Determine neighboring region spatial effect on dengue cases using ensemble ARIMA models

Abstract

The state of Selangor, in Malaysia consist of urban and peri-urban centres with good transportation system, and suitable temperature levels with high precipitations and humidity which make the state ideal for high number of dengue cases, annually. This study investigates if districts within the Selangor state do influence each other in determining pattern of dengue cases. Study compares two different models; the Autoregressive Integrated Moving Average (ARIMA) and Ensemble ARIMA models, using the Akaike Information Criterion (AIC) and Bayesian Information Criterion (BIC) measurement to gauge their performance tools. ARIMA model is developed using the epidemiological data of dengue cases, whereas ensemble ARIMA incorporates the neighbouring regions’ dengue models as the exogenous variable (X), into traditional ARIMA model. Ensemble ARIMA models have better model fit compared to the basic ARIMA models by incorporating neighbuoring effects of seven districts which made of state of Selangor. The AIC and BIC values of ensemble ARIMA models to be smaller compared to traditional ARIMA counterpart models.
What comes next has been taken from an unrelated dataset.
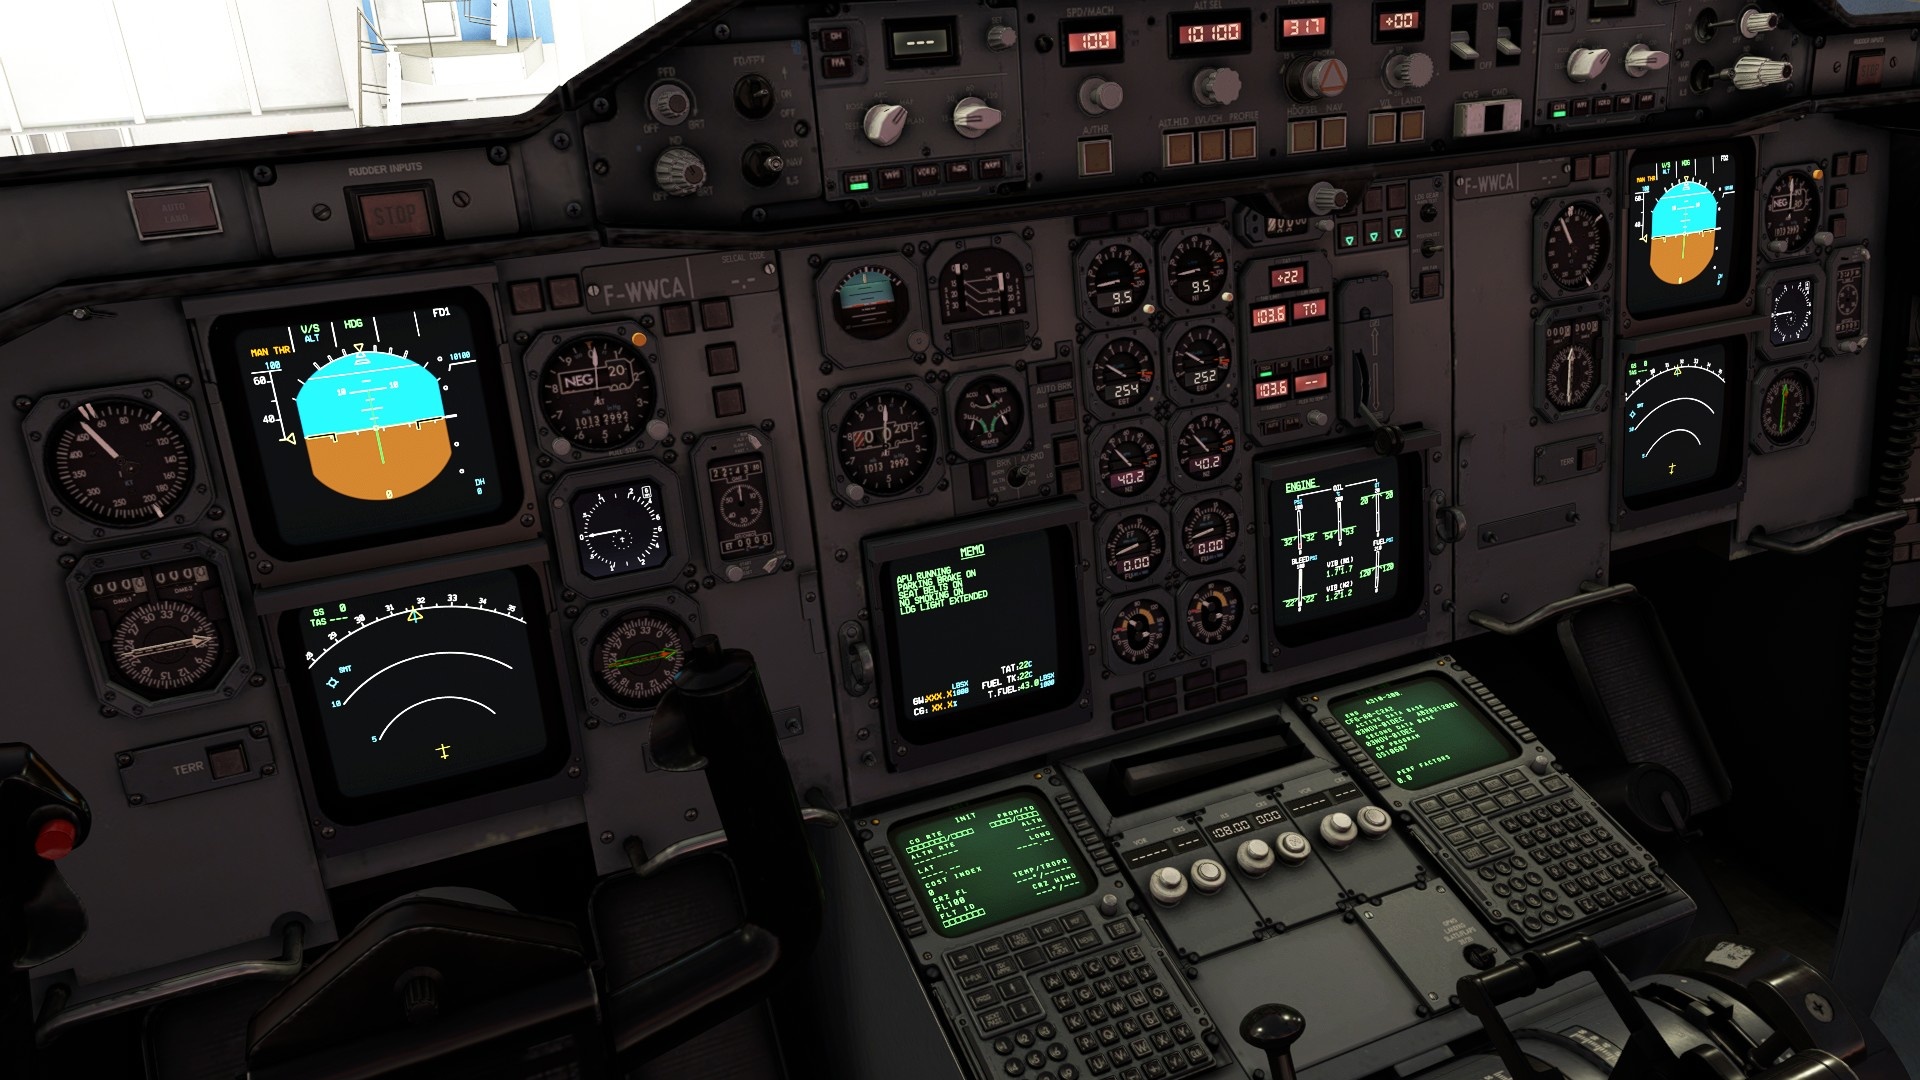 (The cockpit of the A310 exudes wonderful 1980s atmosphere and reminds more of an old Boeing 737 than of modern Airbus models).

Thus, study concludes that pattern of dengue cases for a district is subject to spatial effects of its neighbouring districts and number of dengue cases in the surrounding areas.

Introduction

Dengue is a vector-borne disease, transmitted by two types of mosquito vectors; the Aedes Aegypti and Aedes Albopictus, where the life-cycle of the vector and transmission of the disease are closely related to climate variables¹. Dengue is endemic in tropical and subtropical regions worldwide, and this includes Malaysia, specifically the state of Selangor². Of the total number of 120,836, 101,357 and 83,849 dengue cases that occurred in Malaysia, during the years of 2015, 2016, and 2017 respectively, 52.30%, 50.96% and 54.00% of these cases occurred in the state of Selangor³. The state level health authorities would alert all the districts in the abovementioned states (namely, Petaling, Klang, Hulu Selangor, Hulu Langat, Kuala Selangor, Gombak, Sepang, Kuala Langat and Sabak Bernam) if there is/are always hotspot(s) or many confirmed dengue cases being identified within these localities⁴.
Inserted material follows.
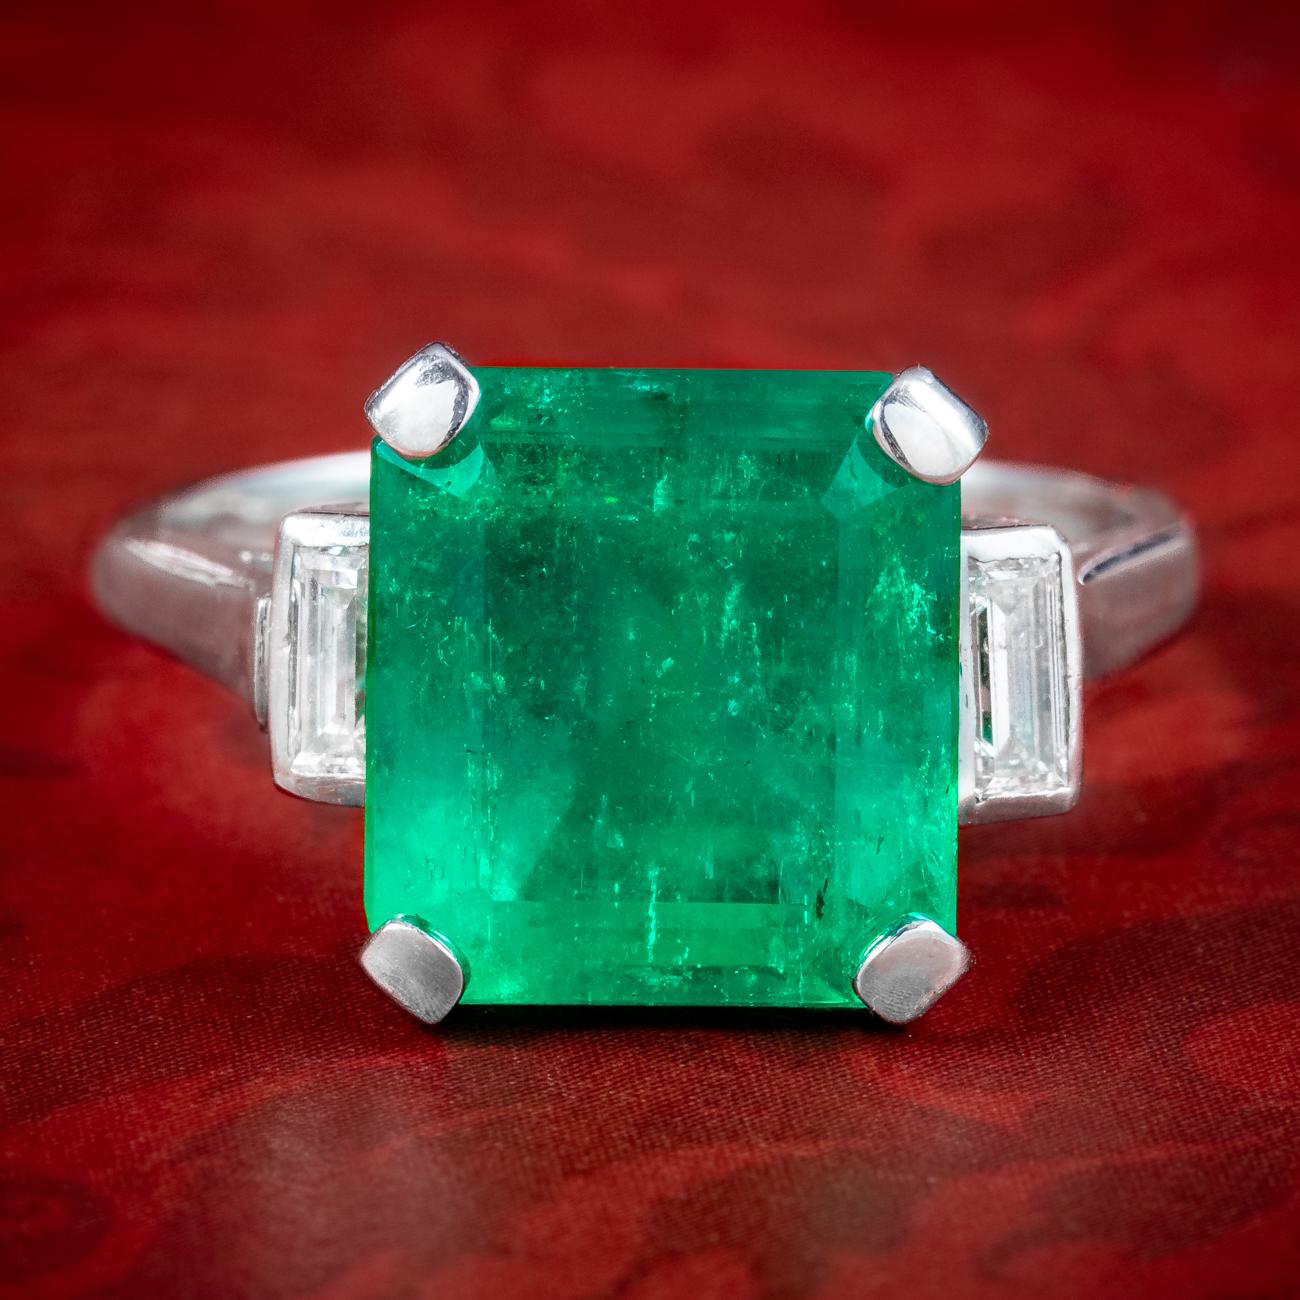 A magnificent Art Deco trilogy ring boasting a striking Colombian step cut emerald with an intense green hue. The stone is accompanied by a comprehensive gem certification that verifies it’s a natural Colombian emerald, weighing an impressive 7.24
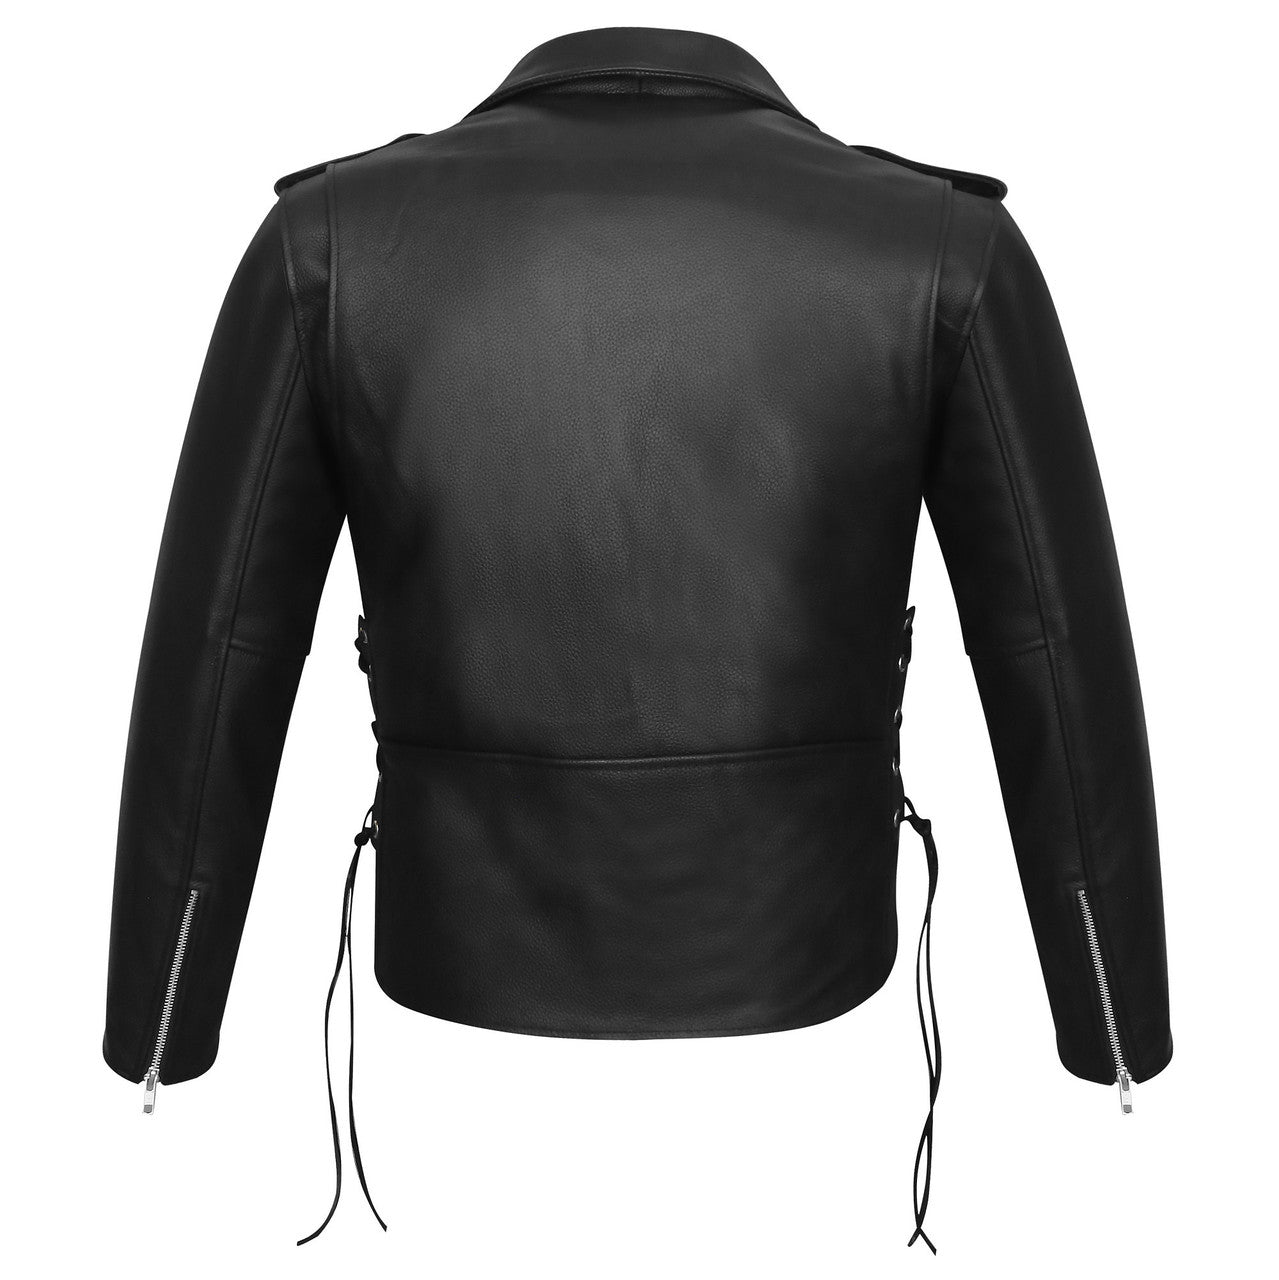 Men's-Premium-Classic-Police-Style-Motorcycle-Black-Leather-Jacket-Conceal-Carry-Side-lace-Removeable-Quilted-Liner-back-view

These Aedes mosquito vector populations are difficult to control and to eliminate as their eggs can mature and hatch even after a prolonged drought¹. However, control against the mosquito vectors is known to be the best measure for curbing the rise of dengue cases at present. Vaccination for this disease is still under study as the efficacy of the vaccine has yet to yield reliable outcomes. One such example is dengue vaccine named Dengvaxia which has been developed by Sanofi Pasteur Ltd, but further investigations has found this vaccine was only effective for those who have been infected previously with dengue, however may cause a more severe disease and hospitalization to those who are sero-negative (not being infected prior)⁵.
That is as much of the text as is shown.